Из дома она вышла рано, в такую пору клубы ещё закрыты. Дождь кончился, но всё покрывал густой жирный туман; он пристал к витринам магазинов и ветровым стёклам машин, и Джейн казалось, что её лицо застряло в клейкой двустворчатой раковине. Часами она бродила по Кэмден‑тауну, её огромные фиалковые глаза следили за всяким мужчиной, который обращал на неё свой взгляд, и всех находили неподходящими. Раз ей показалось, будто она видит Дэвида Бирса, выходящего из «Рубина в пыли», но, остановившись посмотреть, как он переходит дорогу, она поняла, что это не Дэвид, а кто‑то другой. Гораздо моложе, длинные тёмные волосы заплетены в густую косицу, на ногах сапоги до колен. Он пересёк Хай‑стрит и пошёл к метро. Джейн помешкала, а потом бросилась за ним.

Он направлялся в «Электрический зал». Человек пятнадцать уже стояли возле клуба и тихо разговаривали. Человек, за которым она шла, тоже встал в очередь, один. Джейн остановилась через дорогу и стала ждать, когда клуб откроется и очередь, тихо шаркая, всосётся внутрь. Длинноволосый молодой человек скрылся внутри; Джейн сосчитала до ста, перешла улицу, купила билет и вошла.

В клубе оказалось три уровня; наконец она нашла его на самом верху. Даже в дождливый вечер среды здесь было людно, из динамиков орали Идрис Мохаммед и Джимми Клифф[28]. Он стоял один возле бара и пил из бутылки воду.

– Привет! – крикнула она, подплывая к нему со своей фирменной улыбкой типа «первый день в школе». – Танцевать будешь?

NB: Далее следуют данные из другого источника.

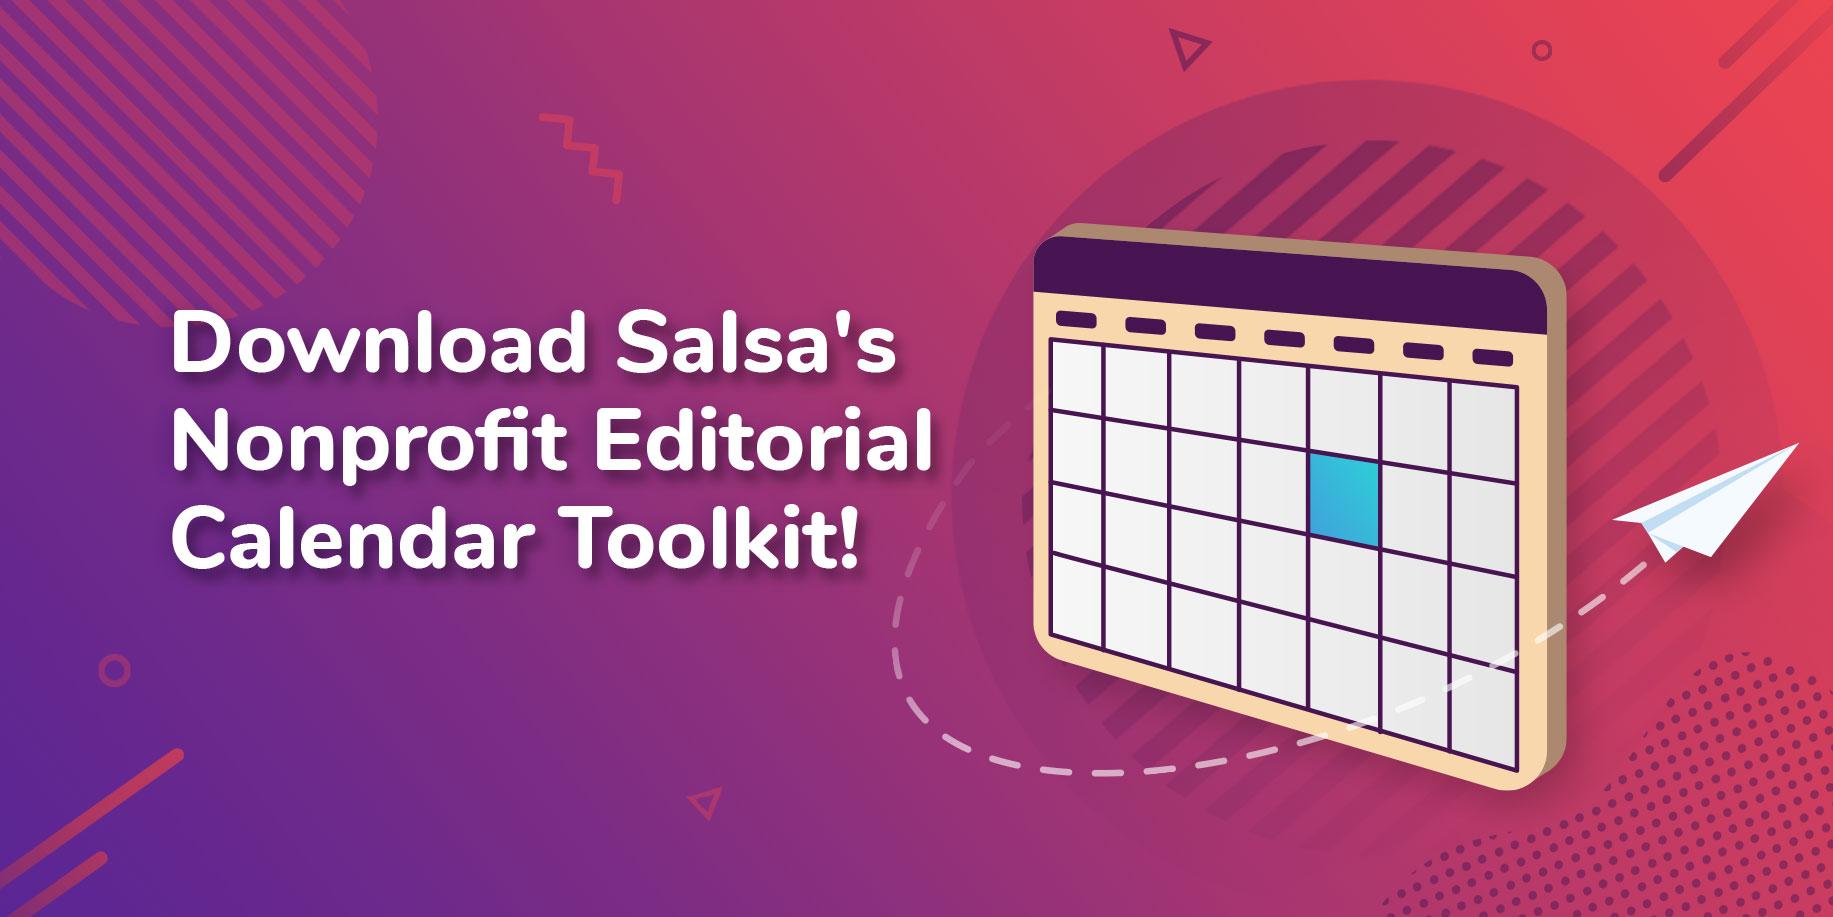 Get Organized With a Nonprofit Editorial Calendar

Он оказался старше, чем она думала, – тридцать с чем‑то, – но всё равно не такой старый, как Бирс. Он уставился на неё, недоумевая, потом пожал плечами.

– Буду.

Они танцевали, передавая друг другу бутылку.

– Как тебя зовут? – крикнул он.

– Клеопатра Баттерфляй.

– Шутишь! – проорал он в ответ. Песня кончилась, заблеял фидбэк, и они пошли к бару отдышаться.

– А что, ты знаешь ещё одну Клеопатру? – насмешливо спросила Джейн.

– Нет. Просто сумасшедшее имя, вот и всё. – Он улыбнулся. Он был красивее Дэвида Бирса: черты более мягкие, округлые, глаза тёмно‑карие, поведение сдержанное.

– Меня зовут Томас Рейберн. Том.

Он купил бутылку «пеллегрино» себе и ещё одну для Джейн. Она выпила свою быстро, стараясь догнать его. Закончив, поставила пустую бутылку на пол и стала обмахиваться ладонью.

– Здесь жарко. – Приходилось перекрикивать музыку, и горло болело. – Надо бы выйти погулять. Со мной хочешь?

Он помешкал, оглядываясь.

– Вообще‑то я здесь должен кое‑кого встретить… – начал он, хмурясь. – Но…

– А. – Разочарование затопило её, переходя в острое отчаяние. – Ну, ладно. Ничего страшного.

– А, какого чёрта. – Он улыбнулся: у него были красивые глаза, взгляд более спокойный и обнадёживающий, чем у Бирса. – Я же всегда могу вернуться.

Снаружи она повернула направо, в направлении канала.

– Я тут совсем рядом живу. Хочешь зайти выпить?

Он снова пожал плечами.

– Вообще‑то я не пью.

– Ну, тогда съесть чего‑нибудь? Здесь совсем недалеко – вот так идти вдоль канала, и там, через пару кварталов от Кэмденского шлюза…

– Да, ясно…

Разговор получался бессвязный.

– Тебе надо быть осторожнее, – сказал он, пока они шли через мост. – Читала про людей, пропавших в Кэмден‑тауне?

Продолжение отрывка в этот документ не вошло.